EXERCISE GOAL:
No pictures, please. Copy exactly the lines from the one with "توانمندسازی تحقیق و" through the final line below.

DATASET SECTION:

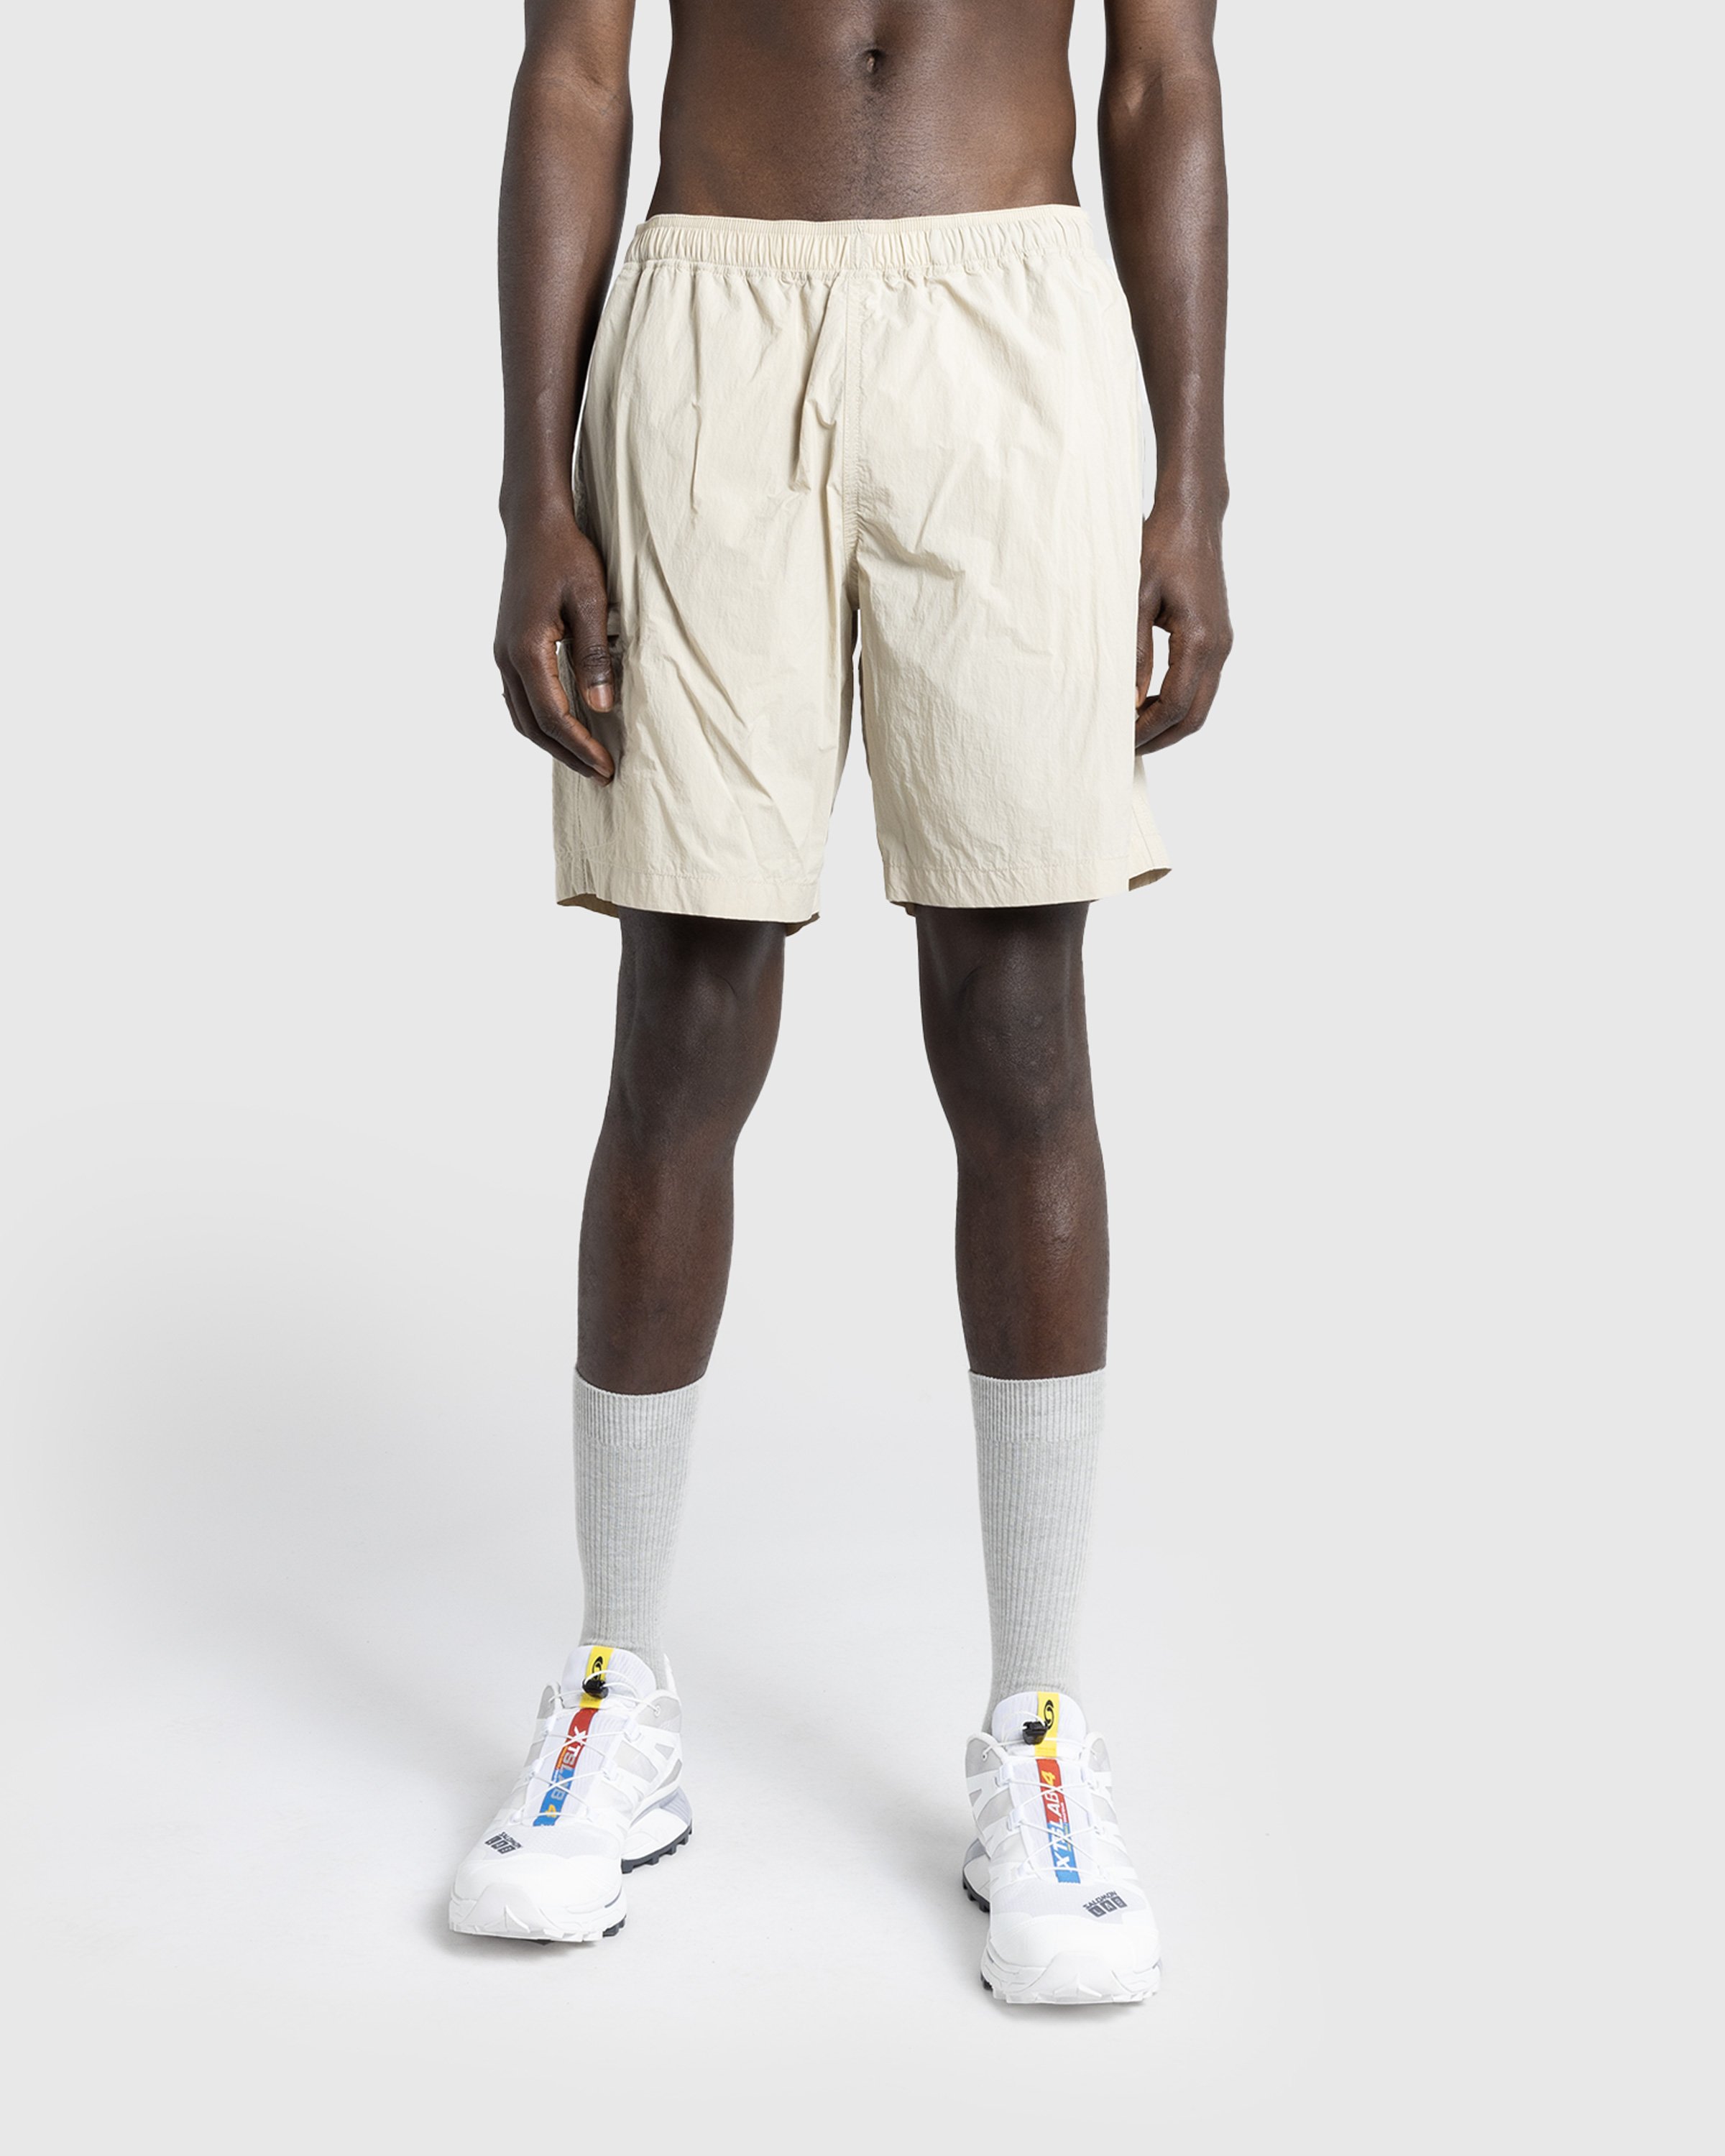 Highsnobiety HS05 - Natural Dyed Nylon Shorts Beige - Clothing - Beige - Image 3
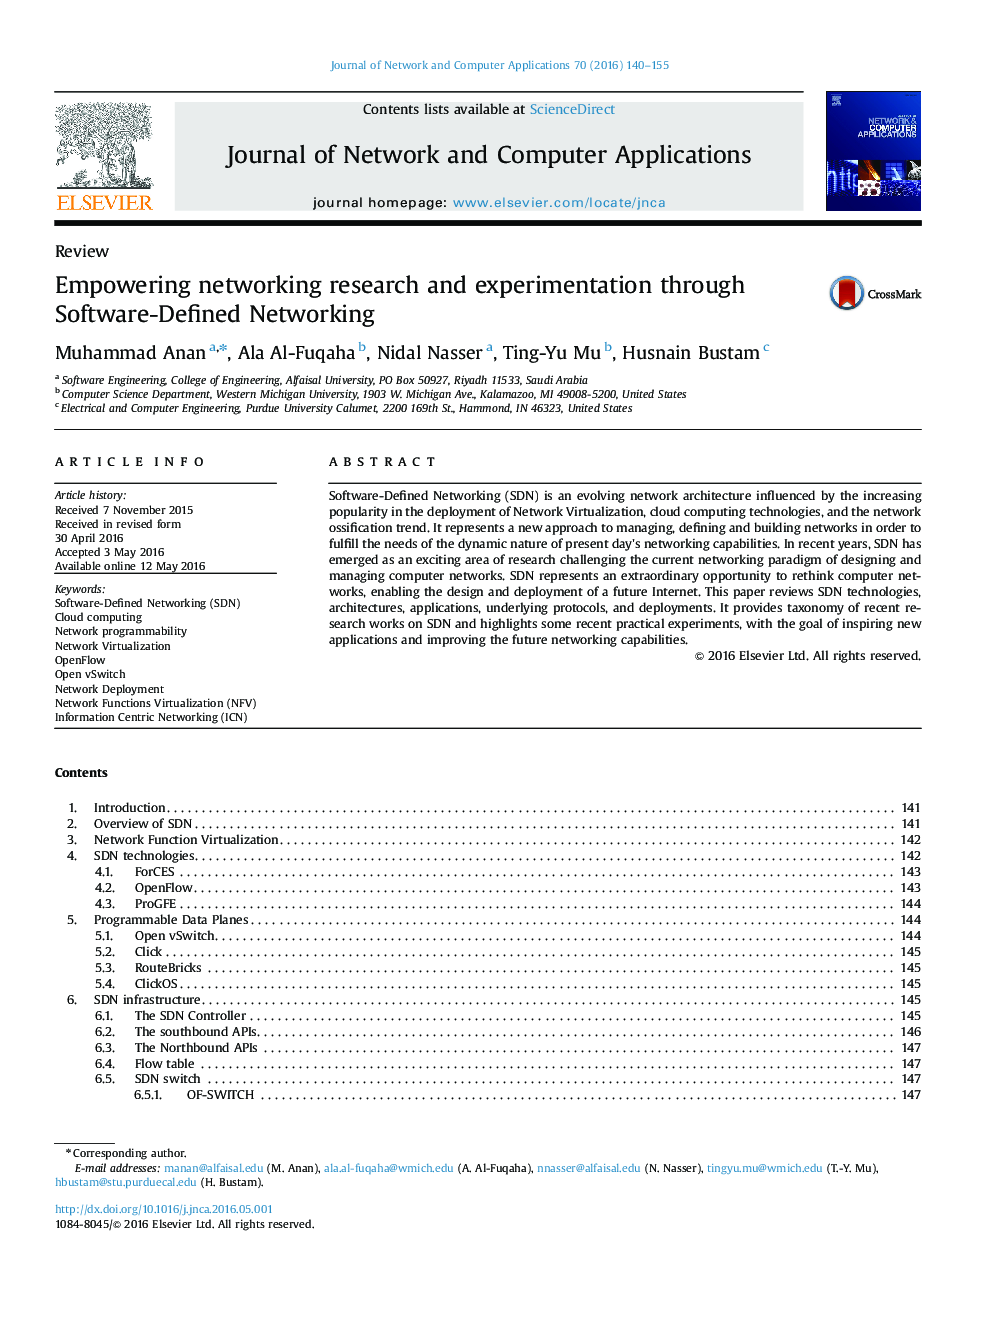 توانمندسازی تحقیق و آزمایش شبکه ها از طریق شبکه های تعریف شده توسط نرم افزار 
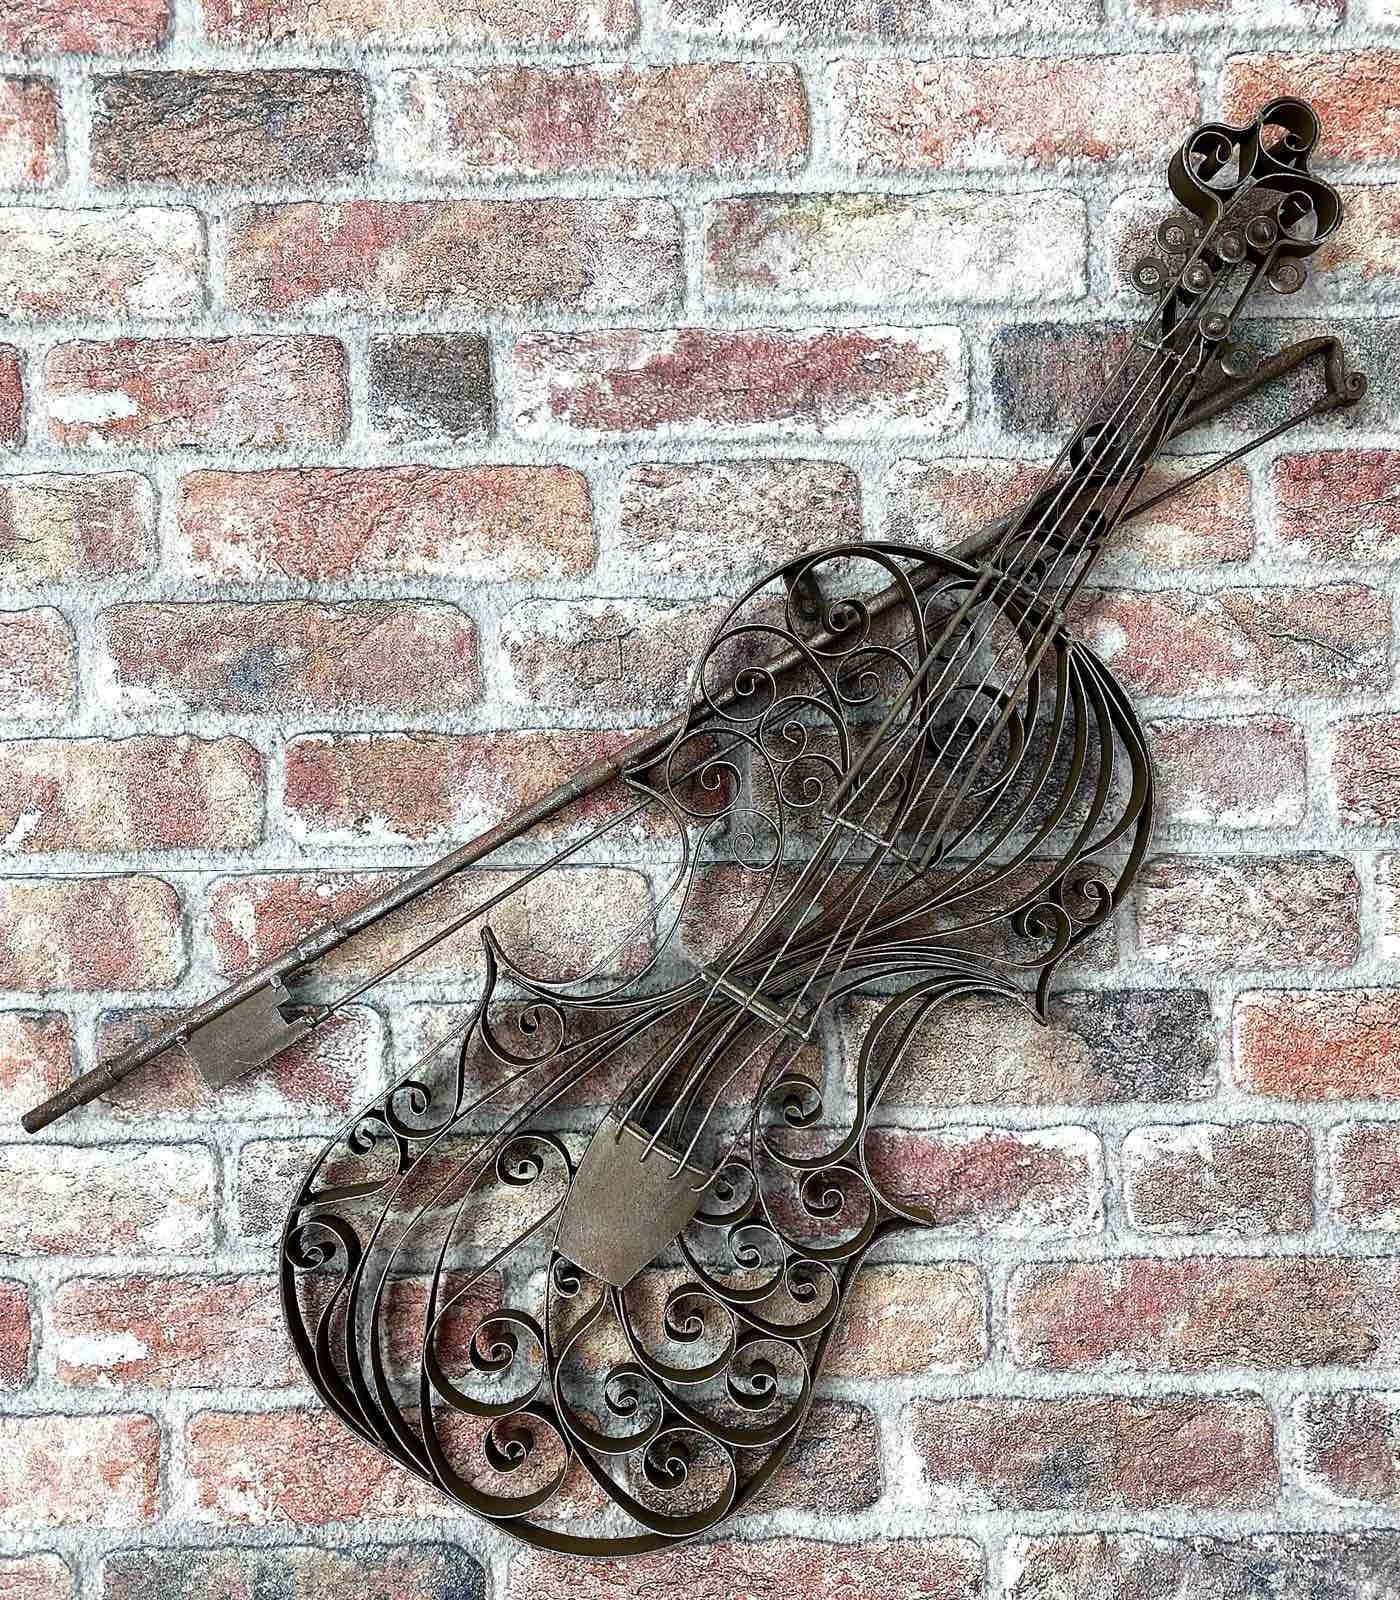 Wanddekoration Violine Dekoration Metall Gartenfigur Modell Aubaho Geige Instrument Garte

WORKED SOLUTION:
 توانمندسازی تحقیق و آزمایش شبکه ها از طریق شبکه های تعریف شده توسط نرم افزار 
 Wanddekoration Violine Dekoration Metall Gartenfigur Modell Aubaho Geige Instrument Garte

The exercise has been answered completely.